A receipt from a map company.


Notation on the backside of the map receipt.


A tiny map.


More scratch paper! Why did I post this?

And there you have it. I’m about halfway through the box and can only wonder what strange treasures await.

Side Quests

Hail and well met, good Internet traveler! Welcome once more to CCEPS, where but through the alchemy of scanning do we transfigure documents of yore into digital treasures of the fuuuuuture.

Ahem. Sorry, been playing D&D on my off time.

Anyhoo, not much to report this week. I finally got around to inserting those images from the camera room into their respective PDF documents, so they’re ready for uploading and metadata tagging.
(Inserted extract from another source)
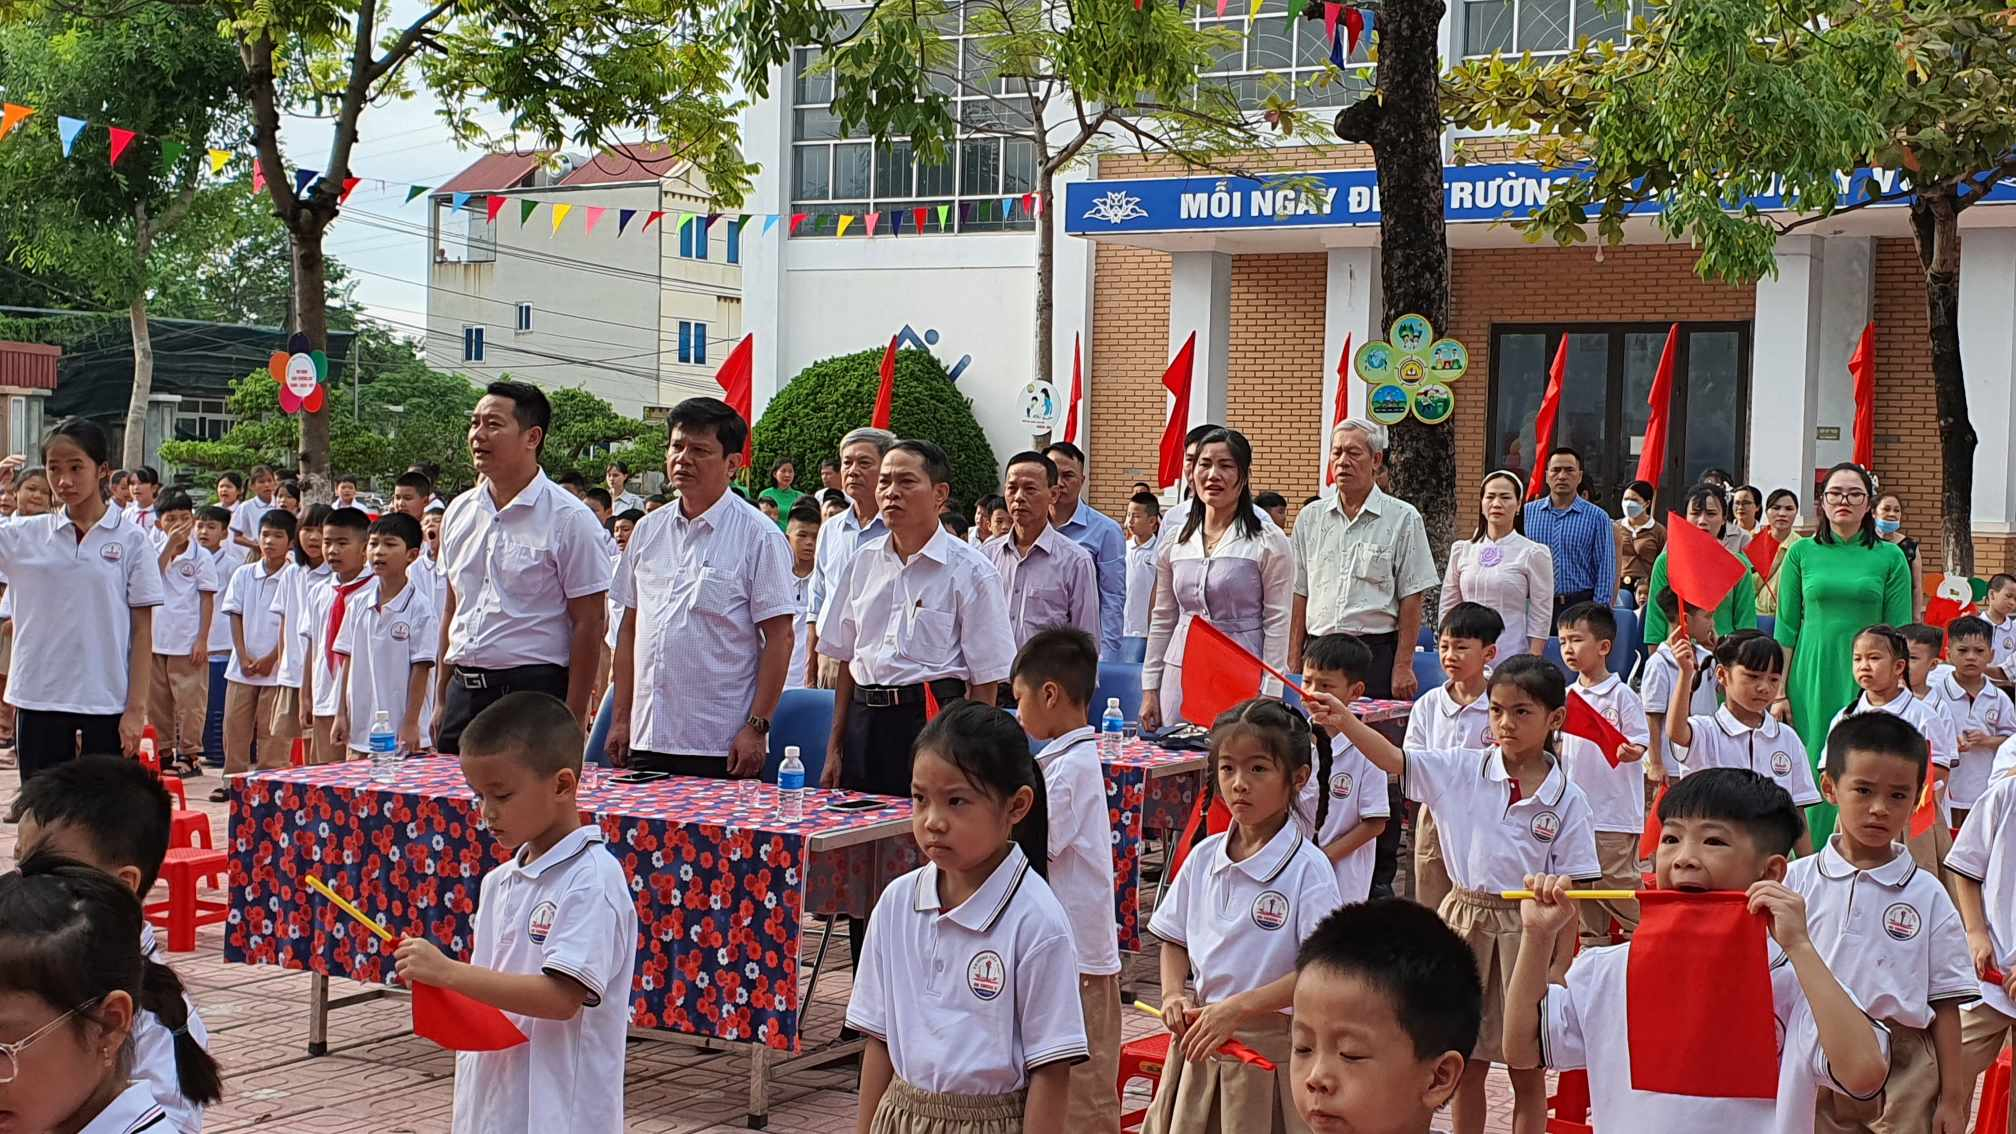 Đại diện huyện Hoài Đức, đại diện Đảng uỷ, UBND xã An Thượng tới dự lễ khai giảng ở trường tiểu học An Thượng B

I also removed some metal fasteners from another collection with the aid of a micro-spatula and +3 dexterity. And, as always, scanning the Willis S. Jones field notes continues. Pretty sure it’s the main campaign at this point.

I don’t have any cool archival items to share this week, so here’s a photograph of that micro-spatula I used earlier:


It does +5 loosening, and can remove up to level 3 rusted staples.

Okay, I’ll stop.

Gutter Mind

Hi folks! Still scanning the Jones field notes with little
new to report, so I’m going to take a bit of a detour and talk about book

Because, sure.

Back when Jones was creating these notes, his writing would occasionally
drift achingly close to the bound edge of the book page, or its gutter.
Which was all well and good for Jones in 1915, back when he could open and
close his notes willy-nilly without a care in the world about damaging them. But
a hundred-plus years of aging have rendered the paper and binding brittle, and
thus difficult to fully open. And so a number or letter carelessly left at the precipice
of the gutter can easily be obscured from the otherwise eagle-like gaze of the
book scanner.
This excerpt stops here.